Information supplied
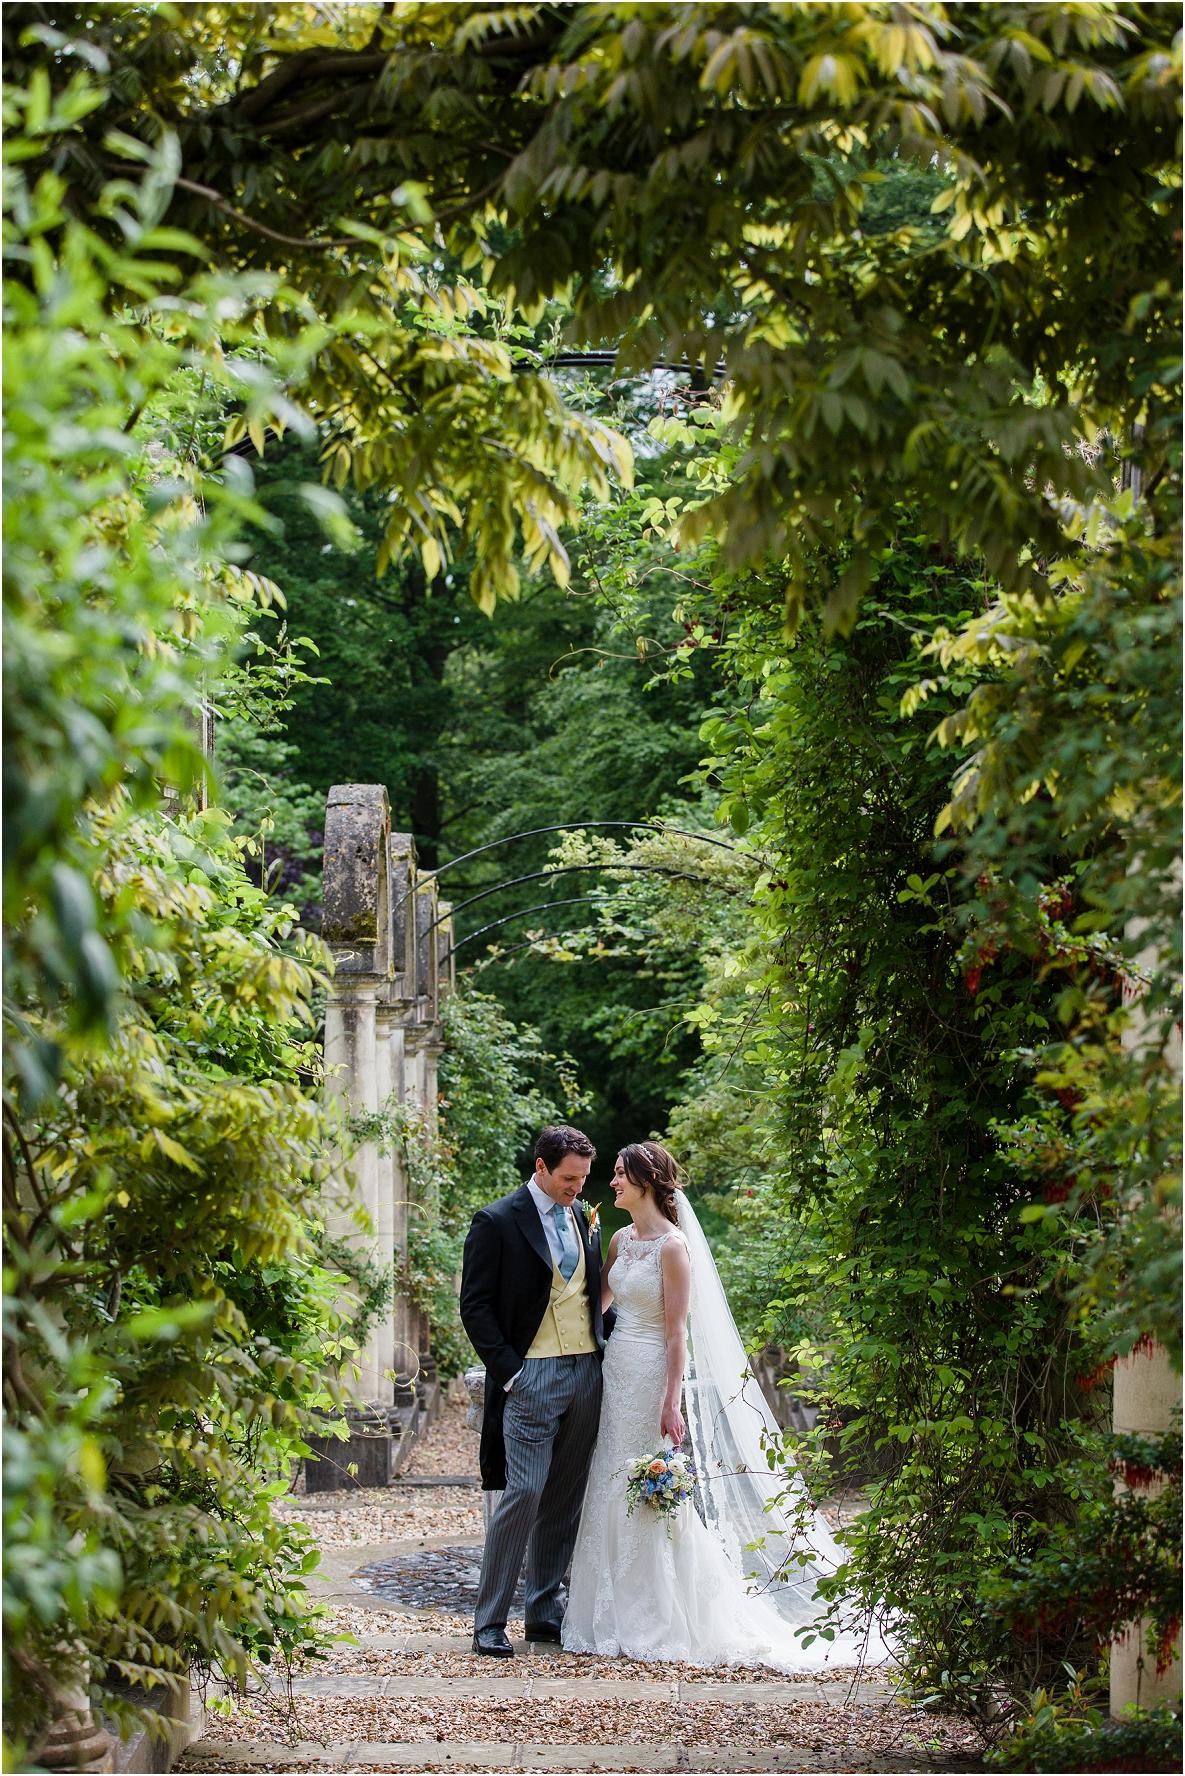 Military Wedding at The Orangery Settrington
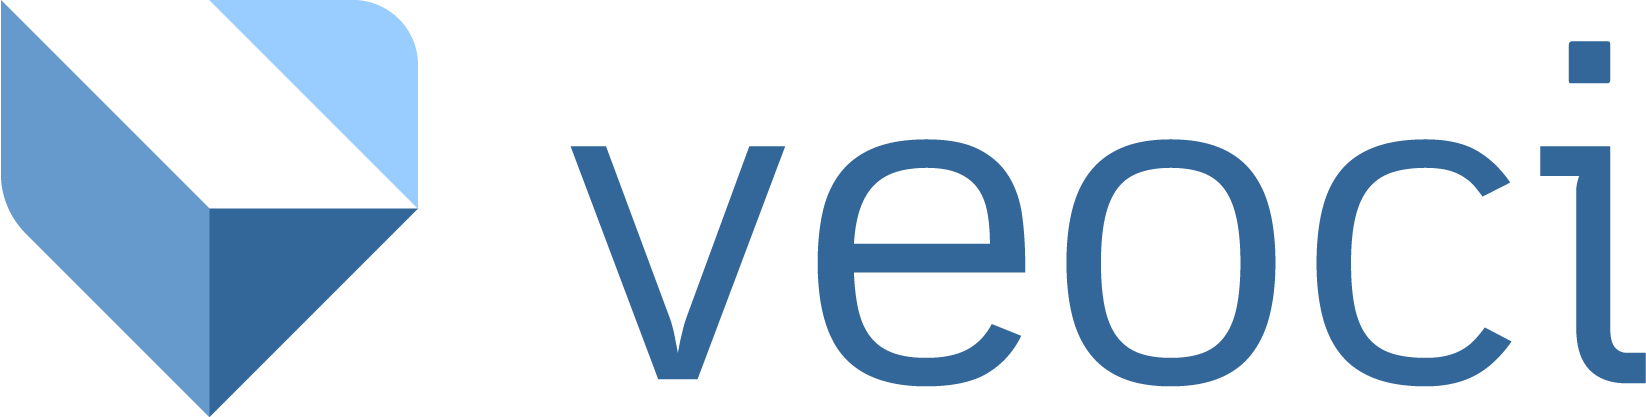 Veoci Named a Gartner Cool Vendor 2015
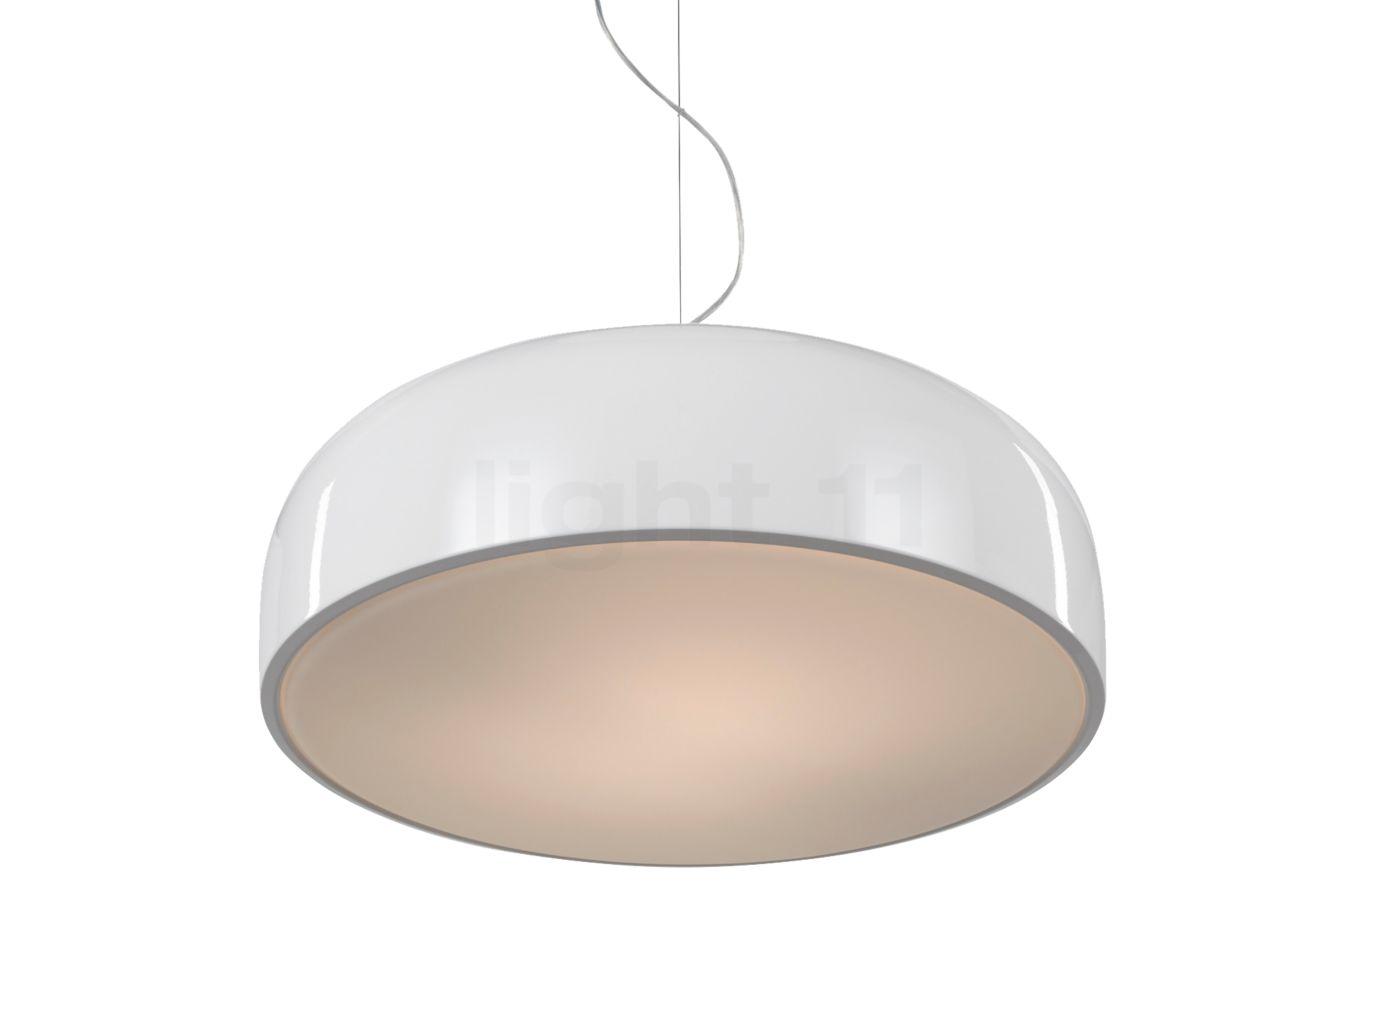 Plafoniera Flos Smithfield : Flos smithfield s led light

Exercise
Could the material above be given again in full and exactly, with its pictures left out?

Solution for this exercise
 Military Wedding at The Orangery Settrington
 Veoci Named a Gartner Cool Vendor 2015
 Plafoniera Flos Smithfield : Flos smithfield s led light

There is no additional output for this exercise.